Everything in the listing below must be reproduced exactly, apart from its images.

▶ [Information supplied]
# # # # #

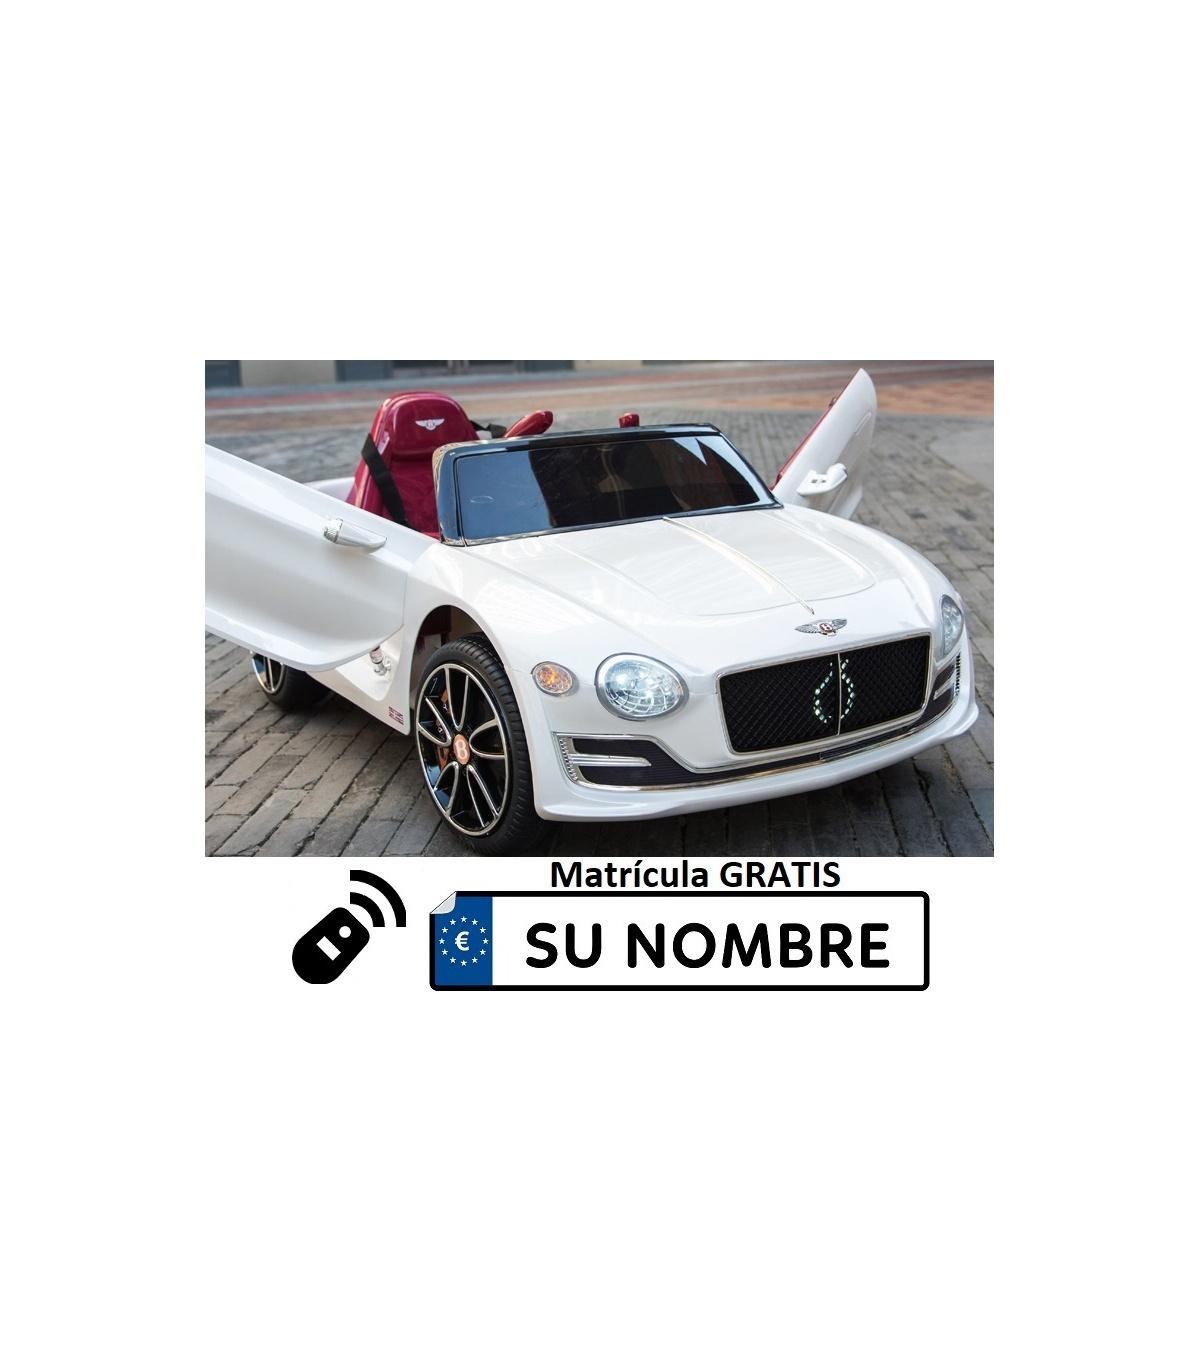 Plaza Control Remoto1 Coche 12v Con Eléctrico Niños Exp Para Bentley rsxtdhQC
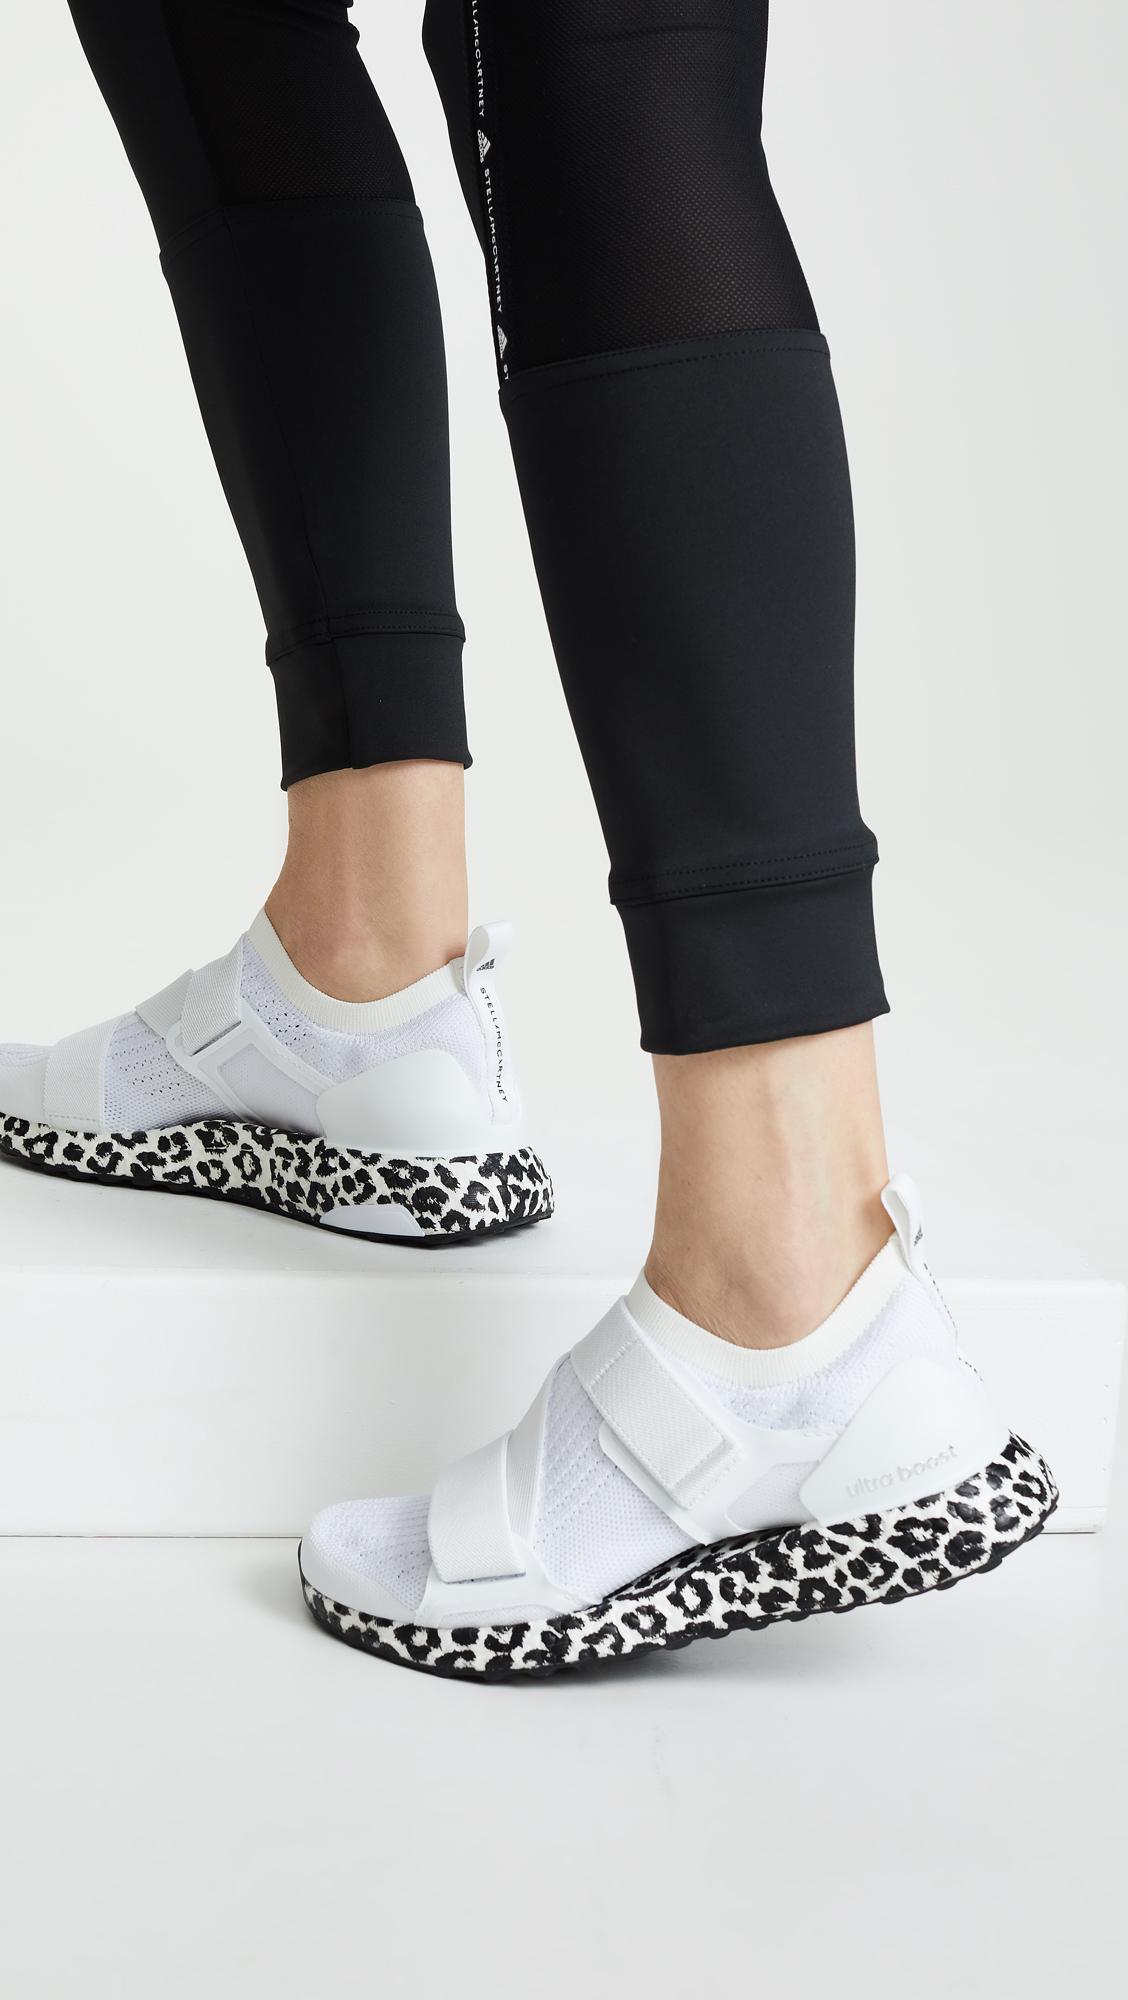 05aaf4ea5 Lyst - adidas By Stella McCartney Ultraboost X Sneakers in White
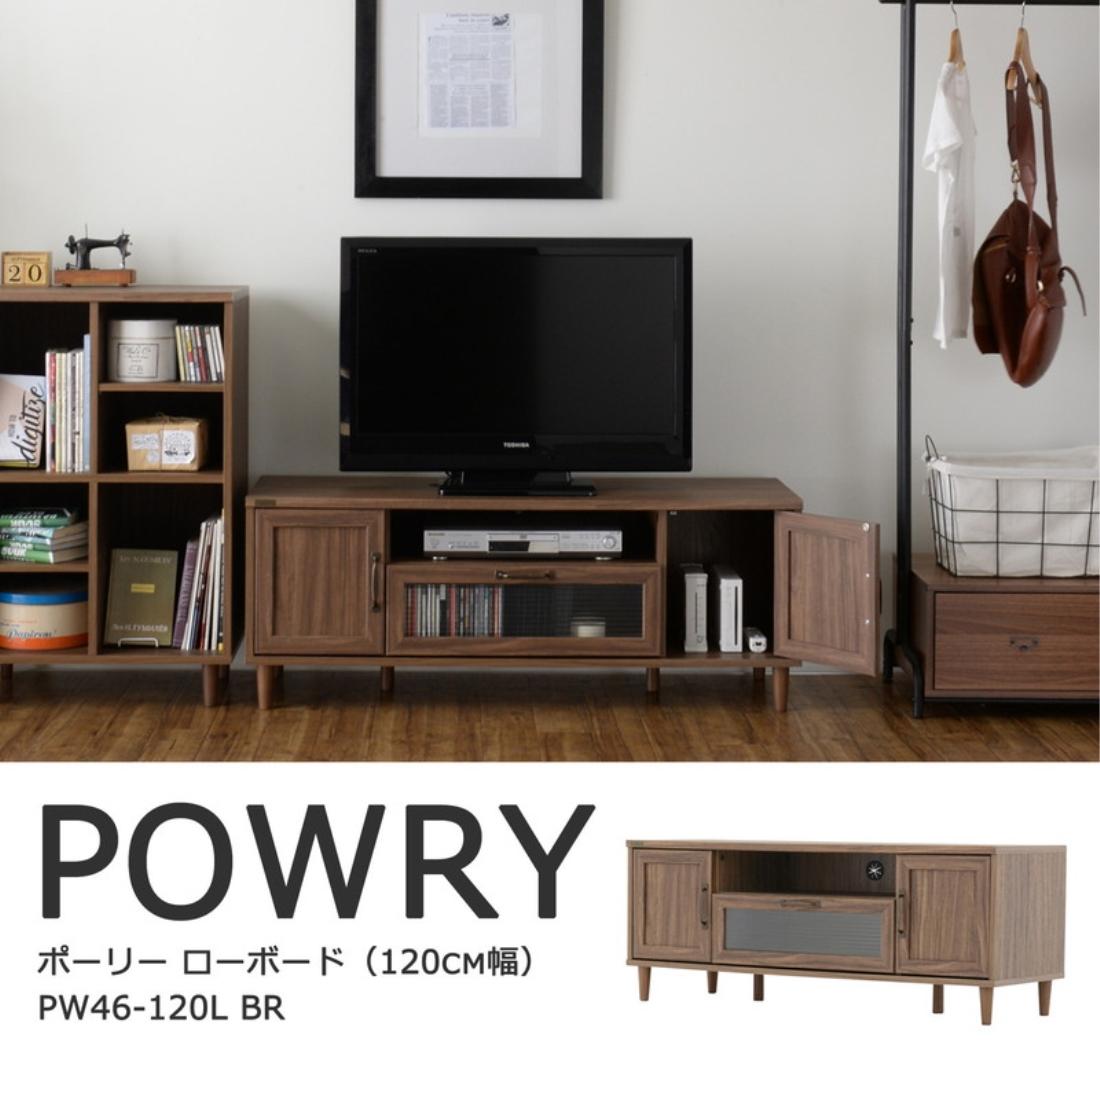 おしゃれ 家具 テレビ ボード TVボード POWRY(ポーリー)テレビ台 ローボード(120cm幅) オシャレ
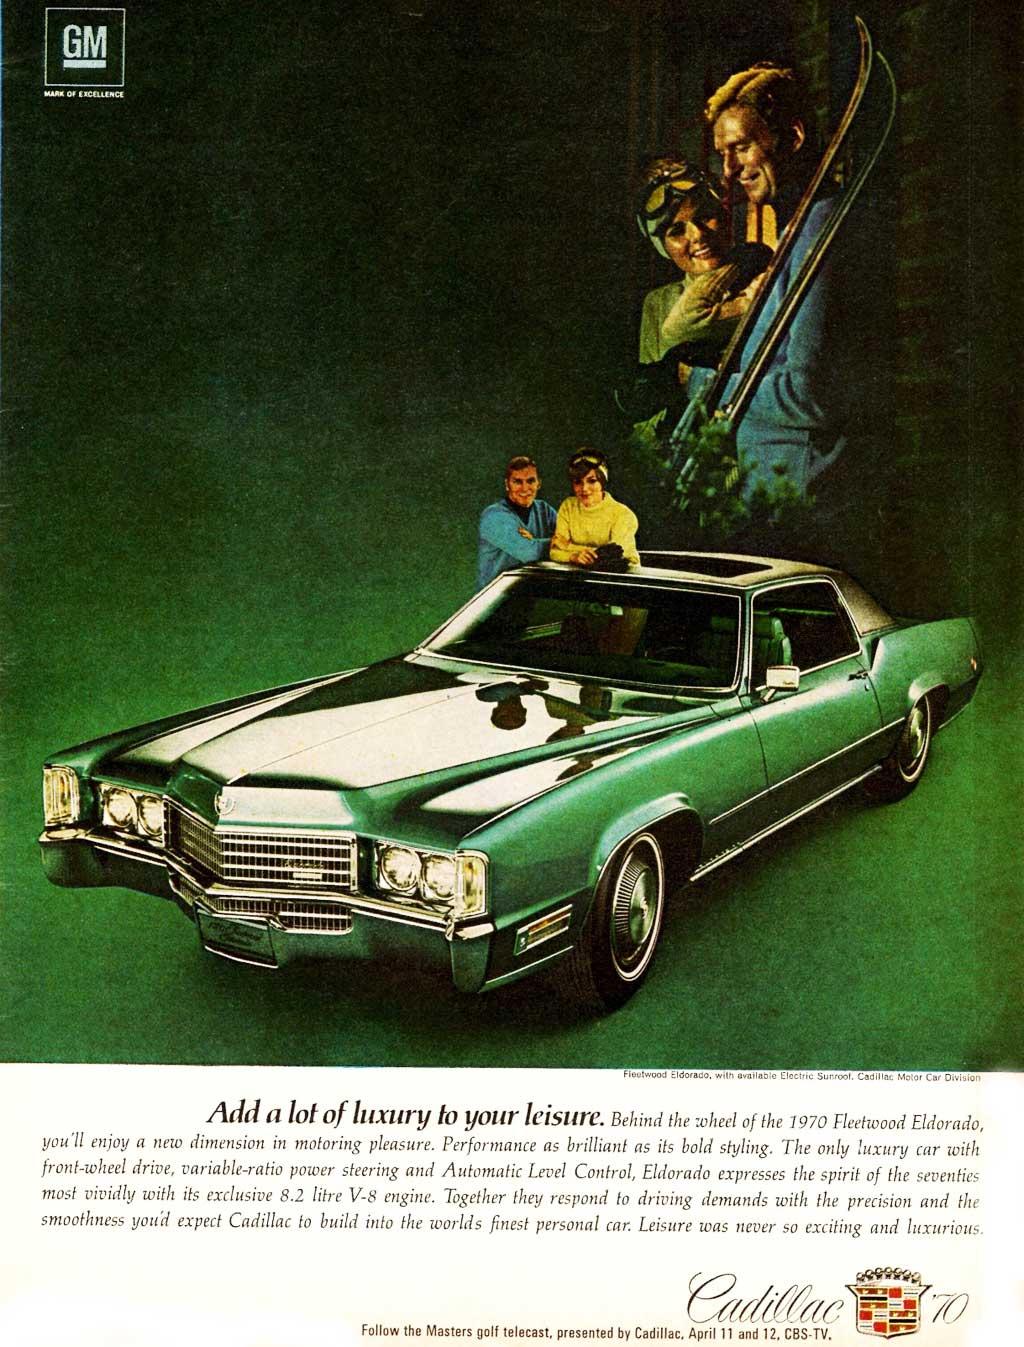 1970-Cadillac-Eldorado-ad.jpg

# # # # #

▶ [Response below]
 Plaza Control Remoto1 Coche 12v Con Eléctrico Niños Exp Para Bentley rsxtdhQC
 05aaf4ea5 Lyst - adidas By Stella McCartney Ultraboost X Sneakers in White
 おしゃれ 家具 テレビ ボード TVボード POWRY(ポーリー)テレビ台 ローボード(120cm幅) オシャレ
 1970-Cadillac-Eldorado-ad.jpg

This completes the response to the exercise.